Reproduce word for word every line from the one containing "Foto 27 de Aislamientos" through the end of the listing below; omit the pictures.

§ **Source material**
※ ※ ※
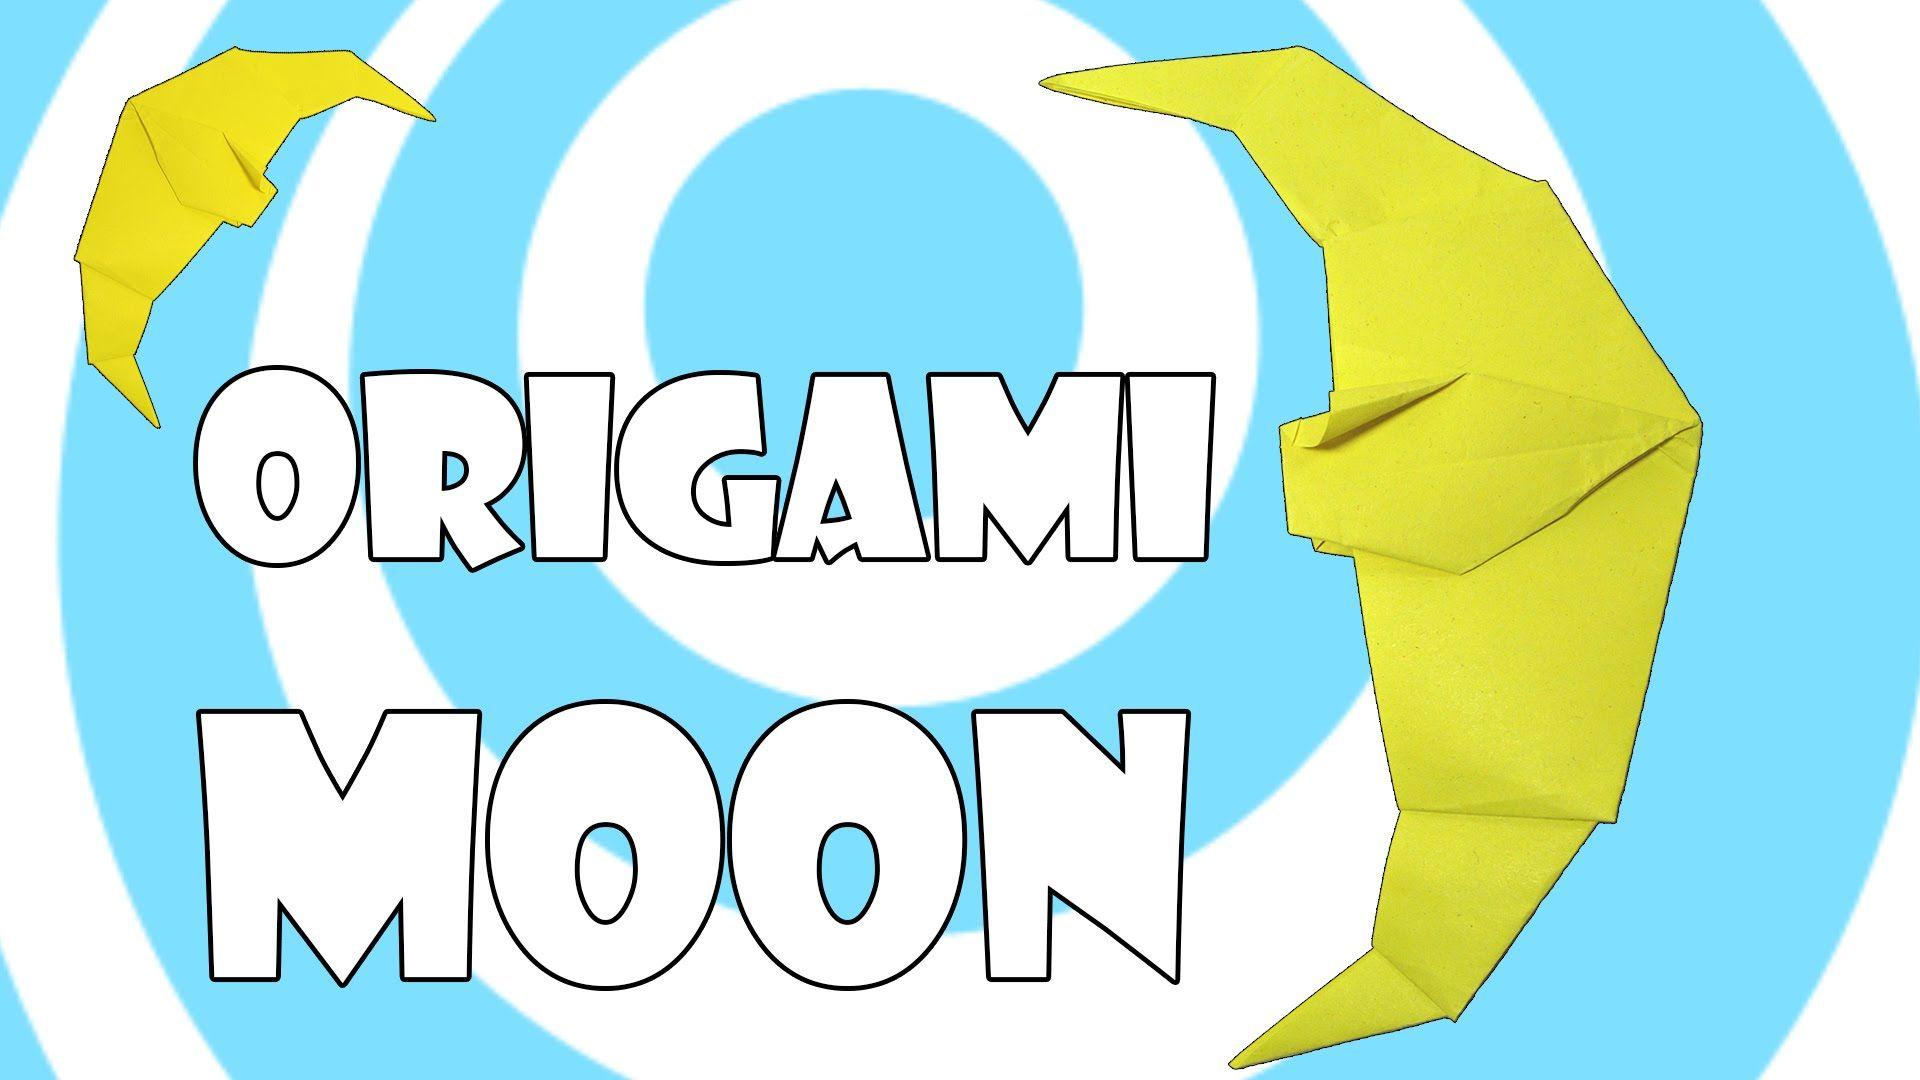 Diy simple origami moon tutorial origami origami instructions diy simple origami moon tutorial origami jeuxipadfo Image collections
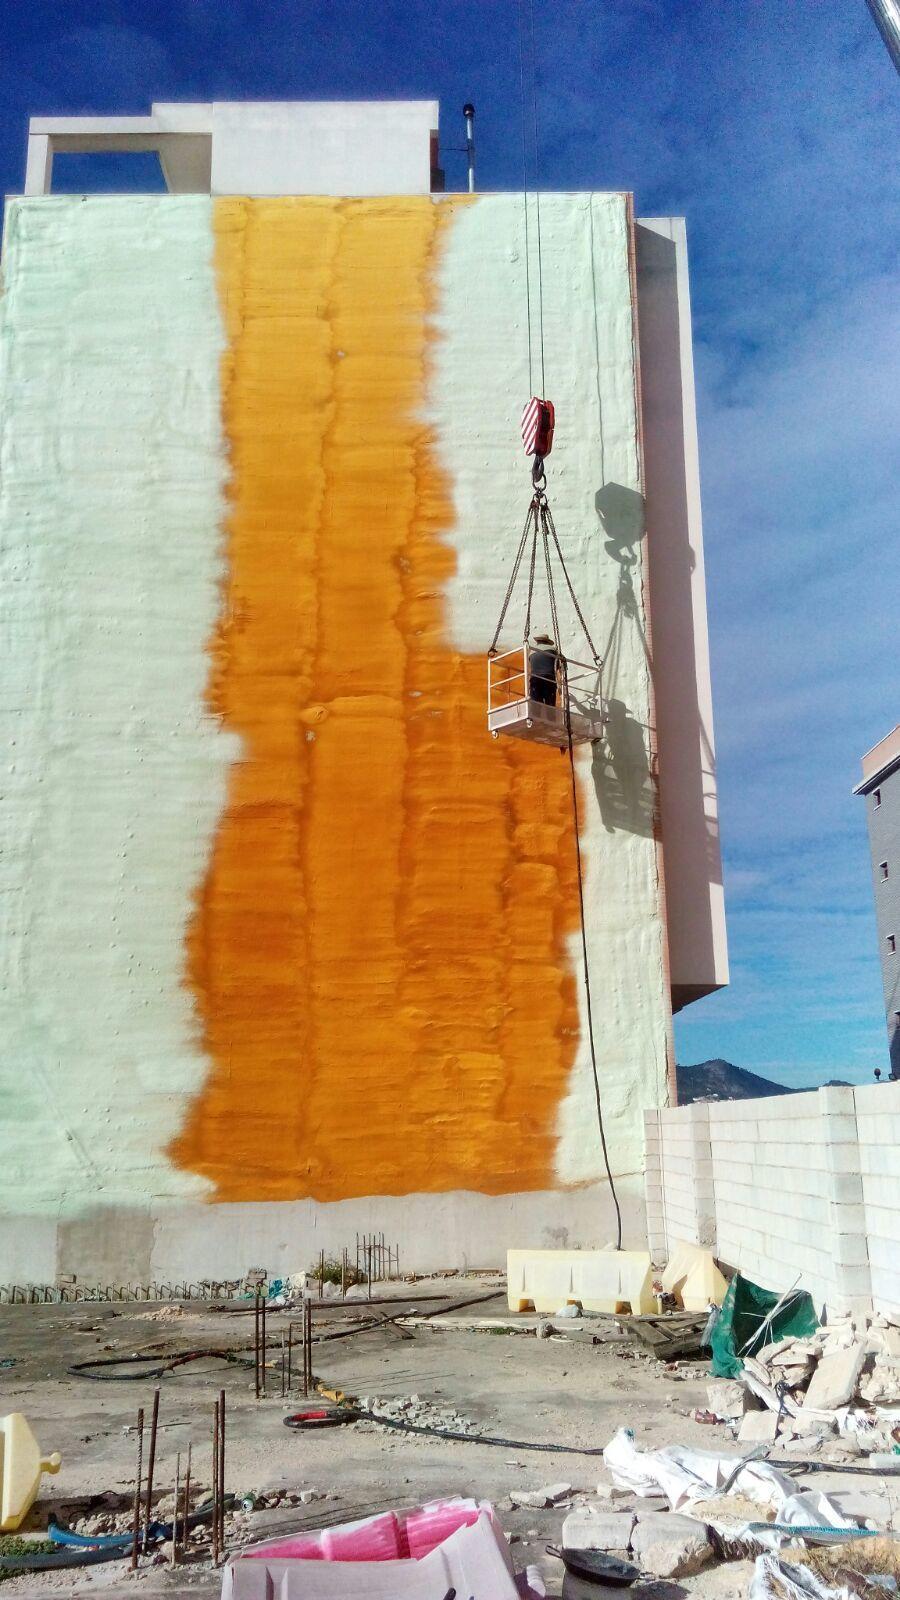 Foto 27 de Aislamientos acústicos y térmicos en Rafelcofer | Aislamientos de Poliuretano Jaime Femenia
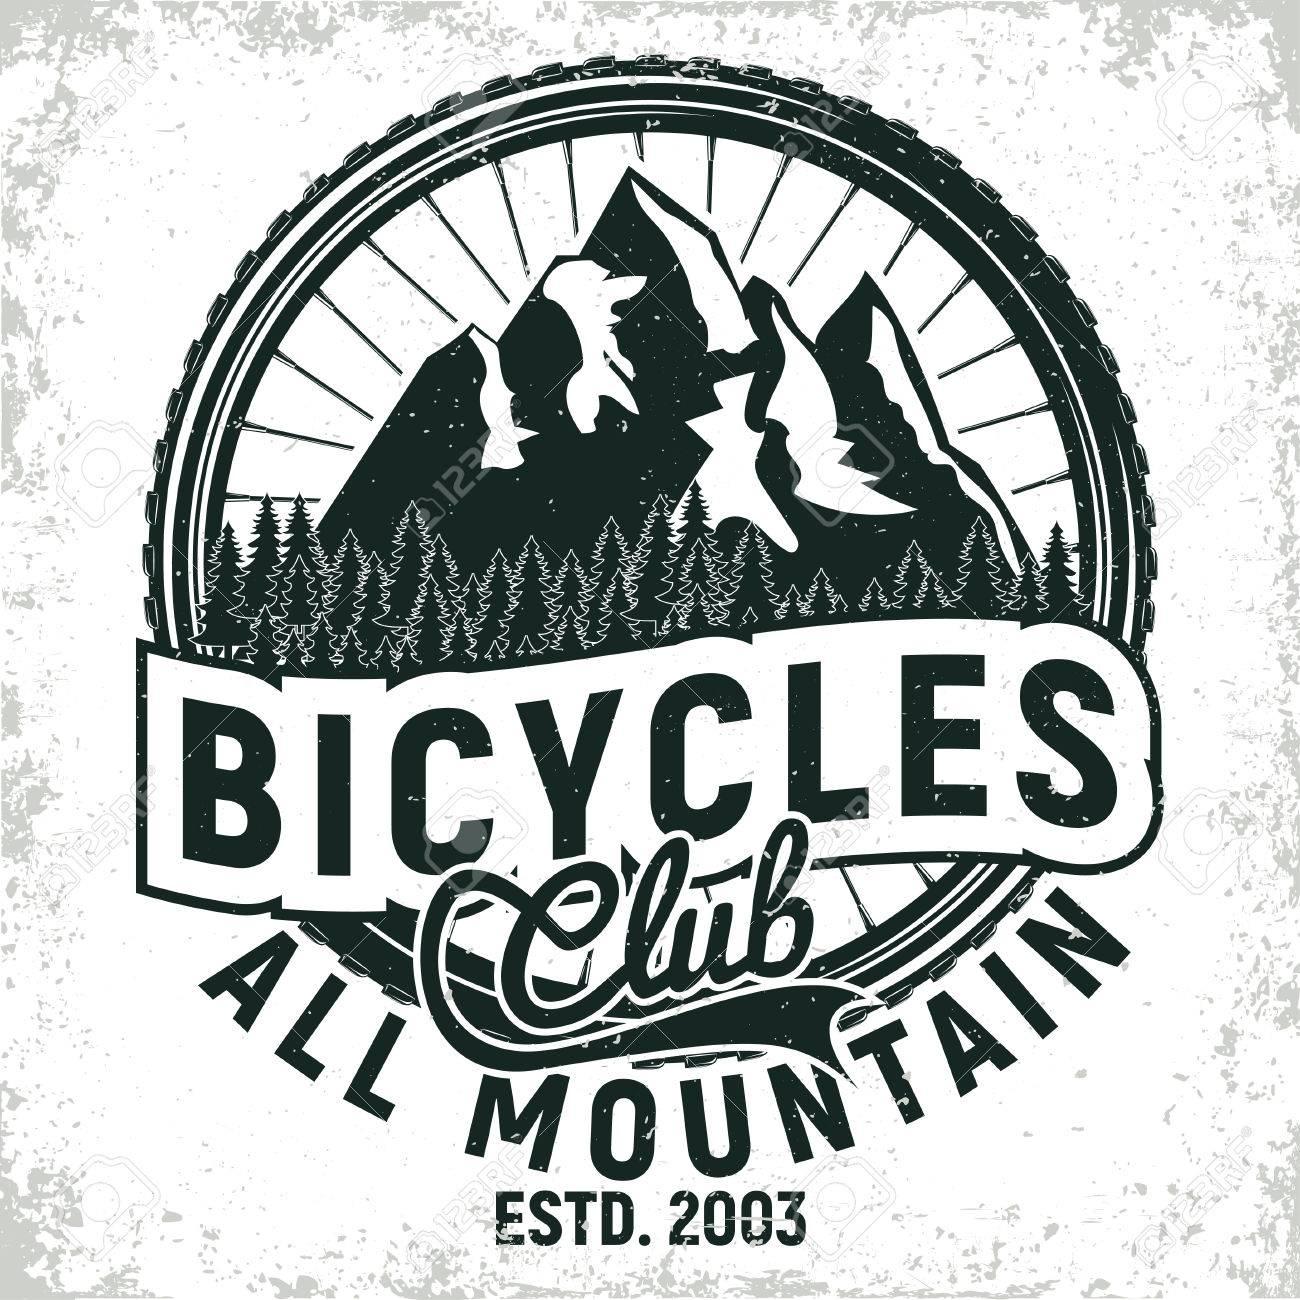 Vintage bicycles club logo design, all-mountain bikers grange print stamp, creative typography emblem, Vector - 80103278
※ ※ ※
§ **Output below**
 Foto 27 de Aislamientos acústicos y térmicos en Rafelcofer | Aislamientos de Poliuretano Jaime Femenia
 Vintage bicycles club logo design, all-mountain bikers grange print stamp, creative typography emblem, Vector - 80103278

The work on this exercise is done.